The second property, guaranteeing that all the preceding entries are identical, is achieved by a consistency check that the followers perform when they receive an AppendEntries RPC.
It works like this: The leader keeps track of the highest index that is committed in its log, and send that information in every AppendEntries RPC (even heartbeats). If the follower does not find an entry with that index in its local log, it will reject the request, so if the AppendEntries RPC returns successfully, the leader knows that its log and the follower’s are identical.

When the nodes are operating normally, these logs will always be consistent. When a leader crashes, though, this log can be left inconsistent, and that’s when AppendEntries’s consistency check will help us. Imagine this scenario:

  • We have three nodes, N1, N2 and N3, N1 being the leader;
  • N1 replicates the messages term=1; index=1; command=x and term=1; index=2; command=y with N2, but N3 never gets these messages;
  • Now N1 crashes and N2 becomes the new leader;
  • If N2 tries to replicate the message term=2; index=3; command=z to N3, the consistency check will reject this message, as the highest committed index (3) is not present in N3’s log;
  • N2 will then go back in the log and transmit all the entries after the latest entry present in N3, making the logs consistent again.
Election Restriction

This property guarantees that a candidate will never win the leader election if it does not have all the committed entries in its own log. As an entry needs to be present in the majority of the nodes to be considered committed, when an election is taking place at least one node will have the latest committed entry. If a follower node receives a RequestVote RPC from a candidate that is behind in the log (meaning a smaller term number, or same term number but smaller index), it will not grant its vote to this candidate.

In the example above we have three logs, each entry represented with the term number in which it was created.
In this case, Node 1 was the leader, and was able to commit up to index 5, where it got a confirmation from the majority of the nodes (itself and Node 2). If Node 1 dies and a new election starts, maybe Node 3 can be the first to transition to the Candidate state and try to become the leader. This would be a problem, as its log does not have the latest committed entry (term 3, index 5). When it sends a RequestVote to Node 2, this node will notice that its own log is more up to date than Node 3’s, and therefore will not grant its vote, making it impossible for Node 3 to become the leader.

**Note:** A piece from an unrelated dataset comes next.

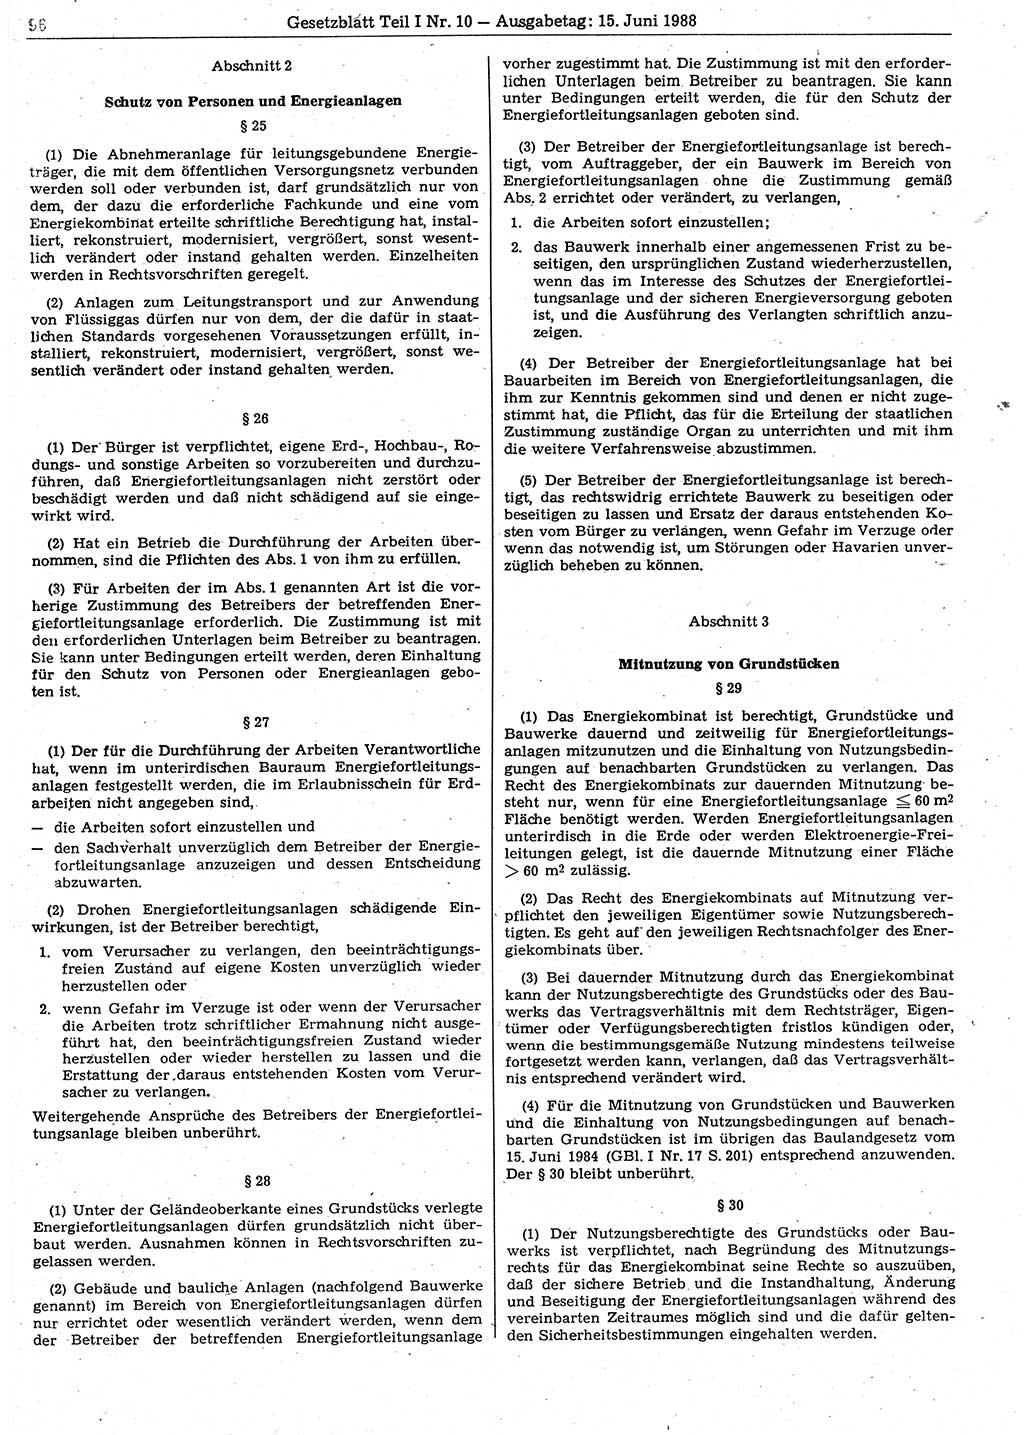 Gesetzblatt (GBl.) der Deutschen Demokratischen Republik (DDR) Teil Ⅰ 1988, Seite 96 (GBl. DDR Ⅰ 1988, S. 96)

  • Raft is divided into 3 parts: Leader election, log replication and safety;
  • A node can be in one of these three states: Follower, Candidate or Leader;
  • Every node starts as a Follower, and after an election timeout transitions to the candidate state;
  • A Candidate will vote for itself and send RequestVote RPCs to all the other nodes;
  • If it gets votes from the majority of the nodes, it becomes the new Leader;
  • The leader is the only node responsible for managing the log, followers just add new entries to their logs in response to the leader AppendEntries RPC;
  • When the leader receives a command from the client, it first saves this uncommitted message, then sends it to every follower;
  • When it gets a successful response from the majority of nodes, the command is committed and the client gets a confirmation;
  • In the next AppendEntries RPC sent to the follower (that can be a new entry or just a heartbeat), the follower also commits the message;
  • The AppendEntries RPC implements a consistency check, to guarantee its local log is consistent with the leader’s;
  • A follower will just grant its vote to a candidate that has a log at least as up to date as its own;

Other resources

There are a lot of details left out in this post, so I really encourage you to check out the entire Raft paper, which is quite readable. There’s also a Raft website with a lot of resources, including implementations in several different languages. This Raft visualization also helps a lot to understand how the leader election and replication works, going step by step and explaining everything that is happening, even though it will not cover every scenario described in the paper.